Governance

Countries agree to sustainably finance WHO amid COVID-19 pandemic

The aim is to reach 50 per cent of WHO’s budget by 2028-2029 if possible

 
By Taran Deol
Published: Thursday 26 May 2022

The United Nations member countries adopted May 24 sustainable financing recommendations by the World Health Organization (WHO) at the ongoing 75th World Health Assembly (WHA). 

The move was aimed at making the global health body’s financing more flexible by ensuring funding sustainable and predictable. 

There are two key sources for WHO’s funding assessed contributions which make up a percentage of the country’s Gross Domestic Product (GDP) agreed upon by the UN General Assembly (UNGA). These are essentially each countries’ membership dues — and voluntary contributions from Member States and other partners. 

The largest contributions in the form of membership dues come from the United States ($219 million), China ($115 million), Japan ($82 million), Germany ($58 million) and Britain ($44 million).

“The gradual increase to assessed contributions will start with WHO’s 2024-25 budget, with a proposed 20 per cent increase over the assessed contributions in the approved 2022-23 base budget,” according to the adopted recommendations. 

The aim is to reach 50 per cent of WHO’s budget by 2028-2029 if possible, and by 2030-31 at the latest — up from the current 16 per cent in 2020-21, the agency said.

This essentially amounts to an increase of an estimated $600 million a year till 2028-2029. 

Improving the global health body’s funding has been a key concern for WHO Director-General Dr Tedros Adhanom Ghebreyesus. In 2017, when he was first elected as DG, increasing assessed contributions was a part of his financing strategy. 

Ghebreyesus said:

This decision addresses head-on the decades-long challenge WHO has faced on predictable, flexible and sustainable funding. Delivering on the target they have agreed today will mean our Member States are empowering WHO to meet their expectations and truly fulfil our mandate as the world’s leading global health authority. 

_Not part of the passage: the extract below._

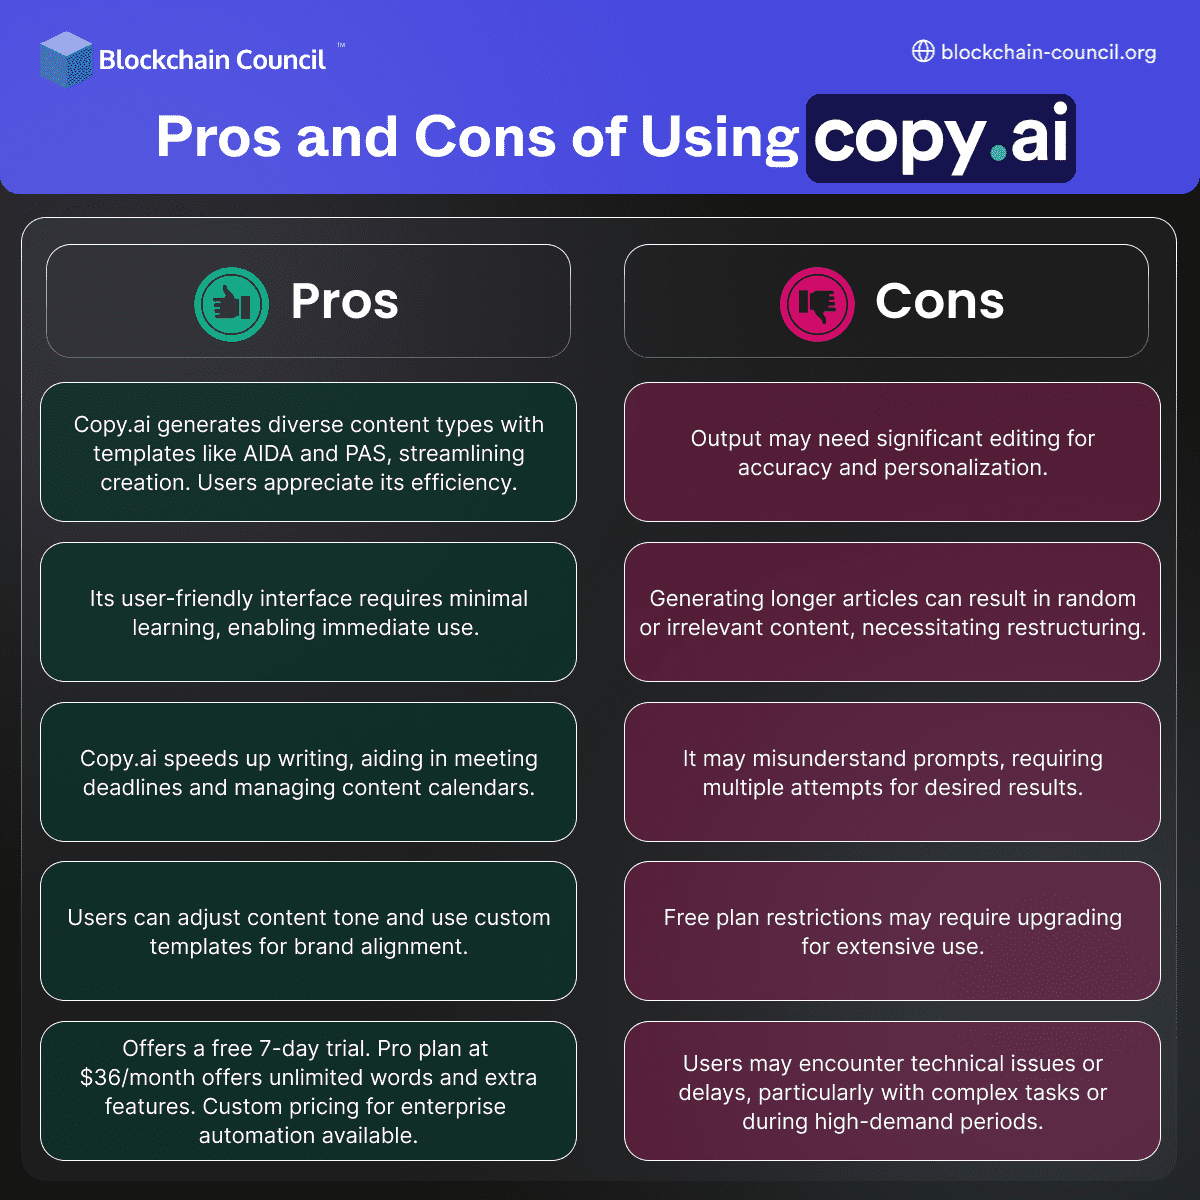 Pros and Cons of Using Copy.ai

Several experts have underlined concerns with the global health body’s existing funding mechanisms. The concerns revolved around an over-reliance on voluntary contributions and “a large proportion earmarked for specific areas of work, (resulting) in an ongoing misalignment between organisational priorities and the ability to finance them,” the global health body notes. 

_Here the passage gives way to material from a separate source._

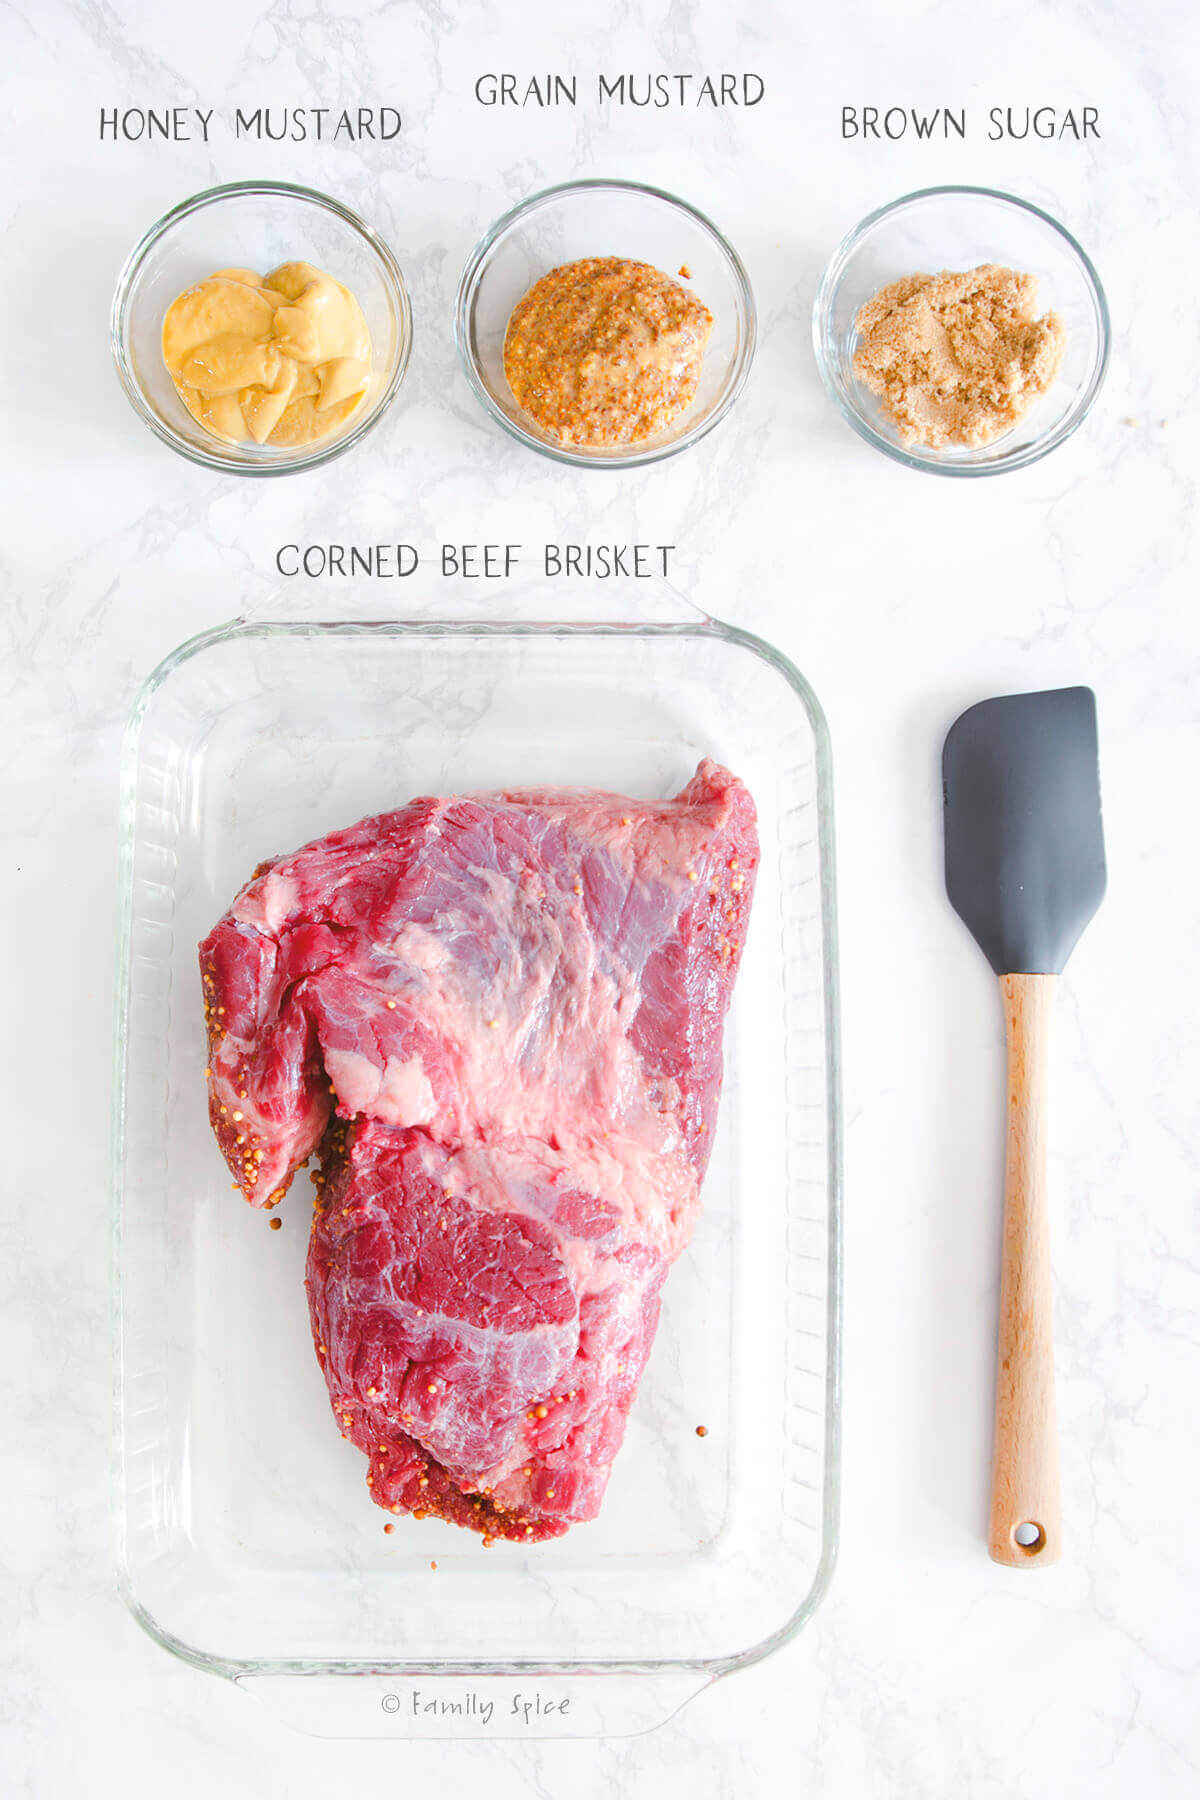 Ingredients labeled and needed for baked corned beef with mustard

This decision is about nothing less than the future role of WHO in global health, said Björn Kümmel, deputy head of the global health division at Germany’s Federal Ministry of Health and chair of WHO’s Working Group on Sustainable Funding. “Even beyond that, it is about what we envisage for the global health architecture: A less fragmented, better coordinated, more efficient and truly inclusive global health governance with a fundamentally strengthened WHO at its centre as the enabled leading and coordinating authority.”

A more flexible funding will allow the organisation, which till now has been relying on staff with short-term contracts, to function with some stability. Ghebreyesus called the move a gift that would finally allow staff to focus on their programmes properly. 

The pandemic has demonstrated why the world needs WHO, but also why the world needs a stronger, empowered and sustainably financed WHO, he said.